Return only the lines below starting at the line containing "Regen in der" and ending at the line containing "Vector Cartoon Stick", both included, exactly as they are and with no pictures.

------ DATA PROVIDED ------

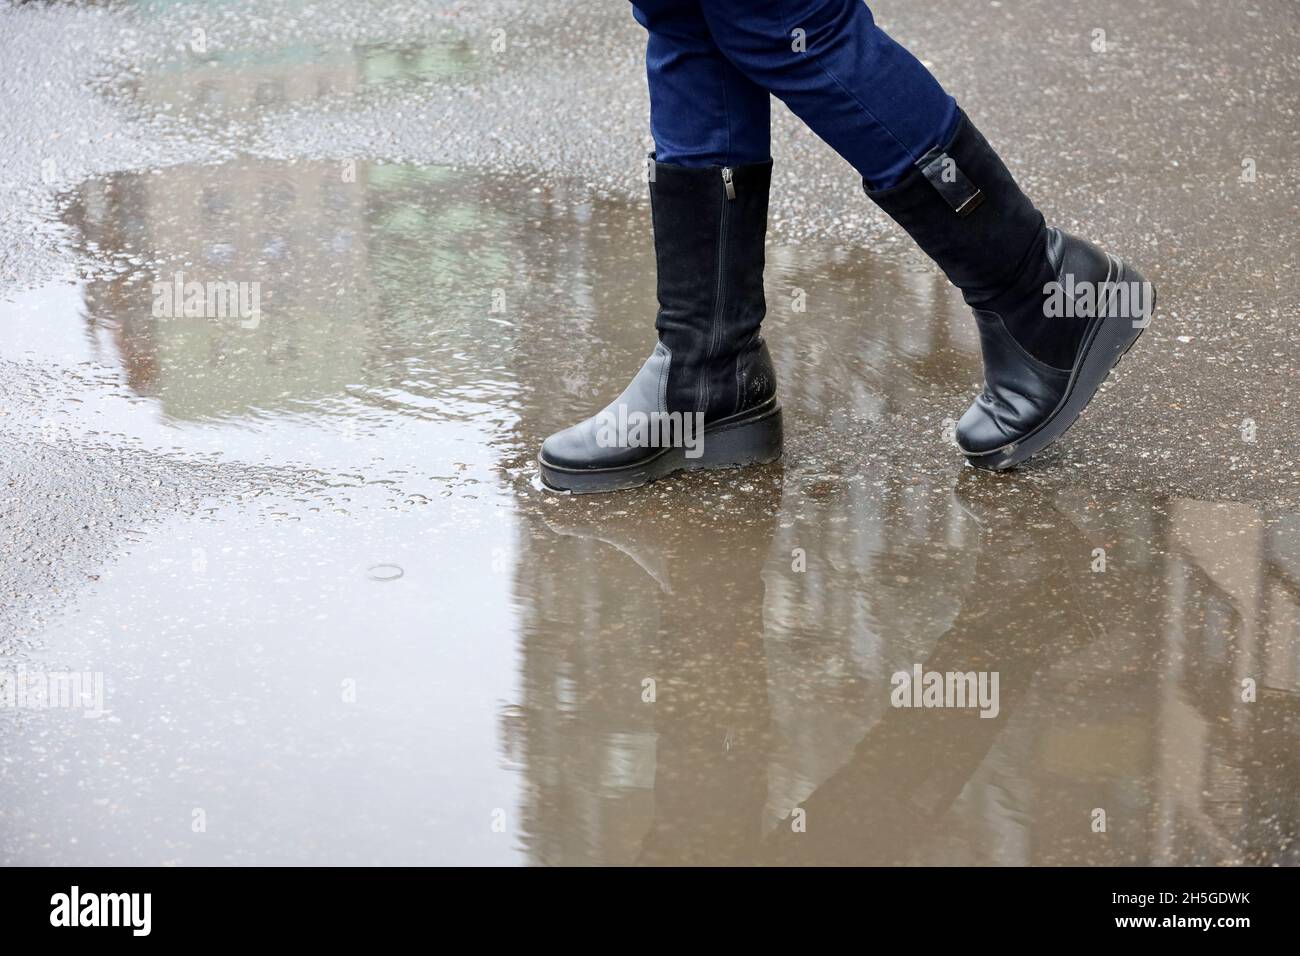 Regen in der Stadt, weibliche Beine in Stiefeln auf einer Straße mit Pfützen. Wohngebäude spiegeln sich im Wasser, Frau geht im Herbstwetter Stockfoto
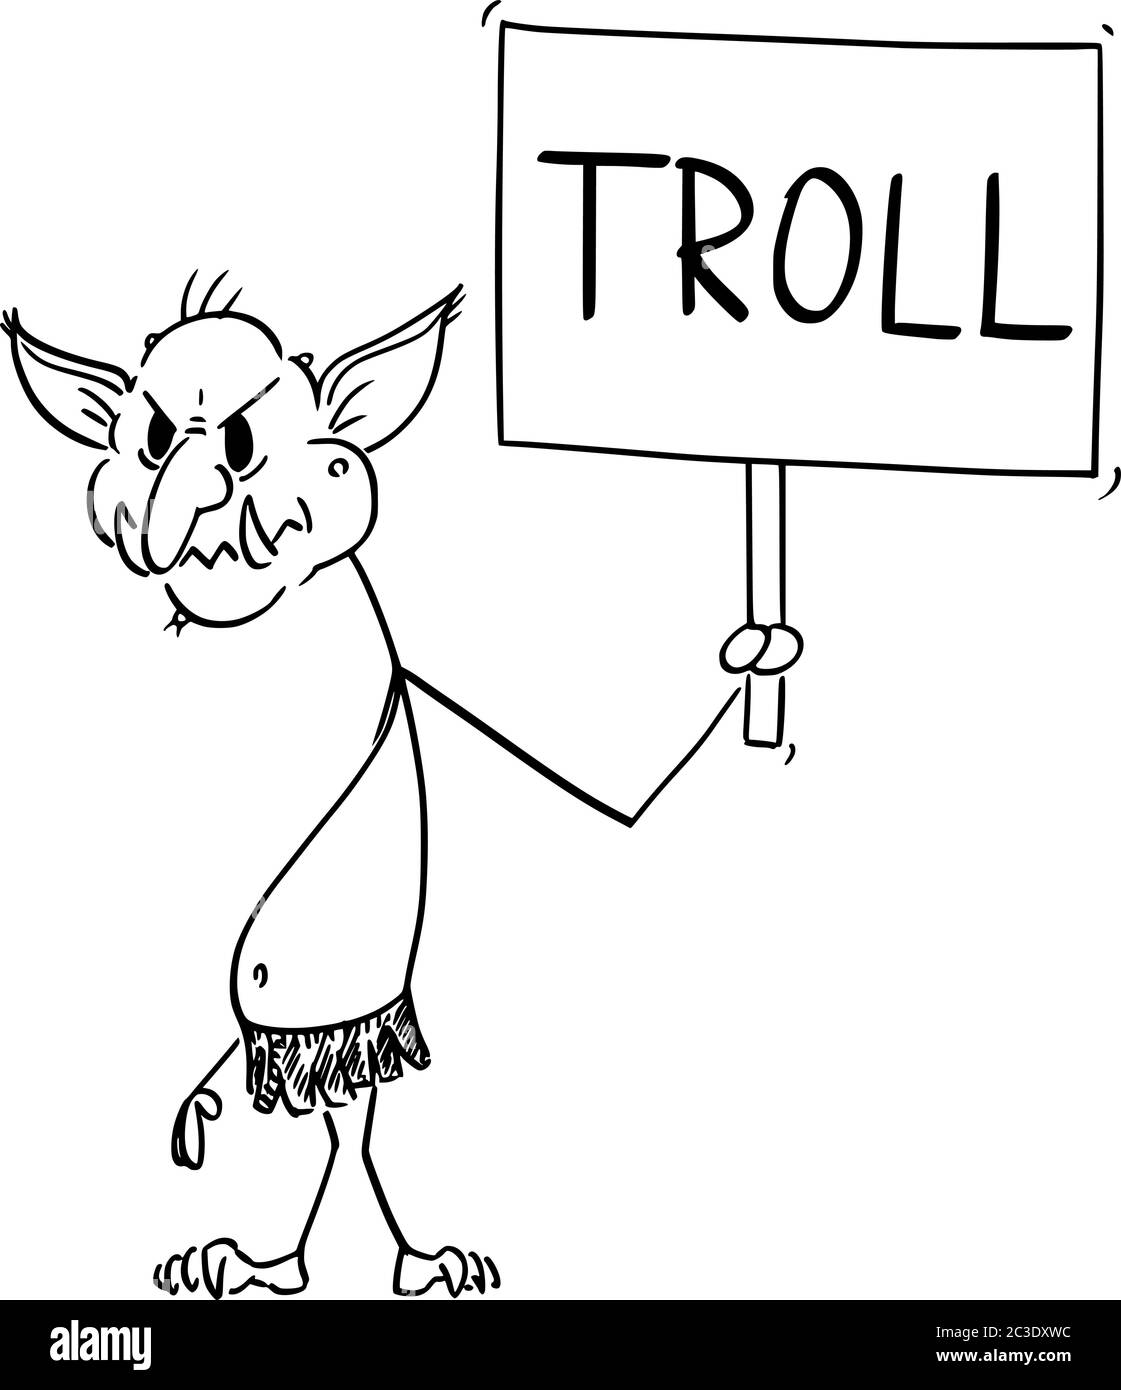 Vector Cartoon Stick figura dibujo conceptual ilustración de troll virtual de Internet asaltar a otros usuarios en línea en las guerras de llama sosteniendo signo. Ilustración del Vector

------
------ DATA PROVIDED ------

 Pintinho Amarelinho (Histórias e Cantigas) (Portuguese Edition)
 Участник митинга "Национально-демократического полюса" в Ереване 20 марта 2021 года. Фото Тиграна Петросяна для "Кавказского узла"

------

■ **FINAL ANSWER**:
 Regen in der Stadt, weibliche Beine in Stiefeln auf einer Straße mit Pfützen. Wohngebäude spiegeln sich im Wasser, Frau geht im Herbstwetter Stockfoto
 Vector Cartoon Stick figura dibujo conceptual ilustración de troll virtual de Internet asaltar a otros usuarios en línea en las guerras de llama sosteniendo signo. Ilustración del Vector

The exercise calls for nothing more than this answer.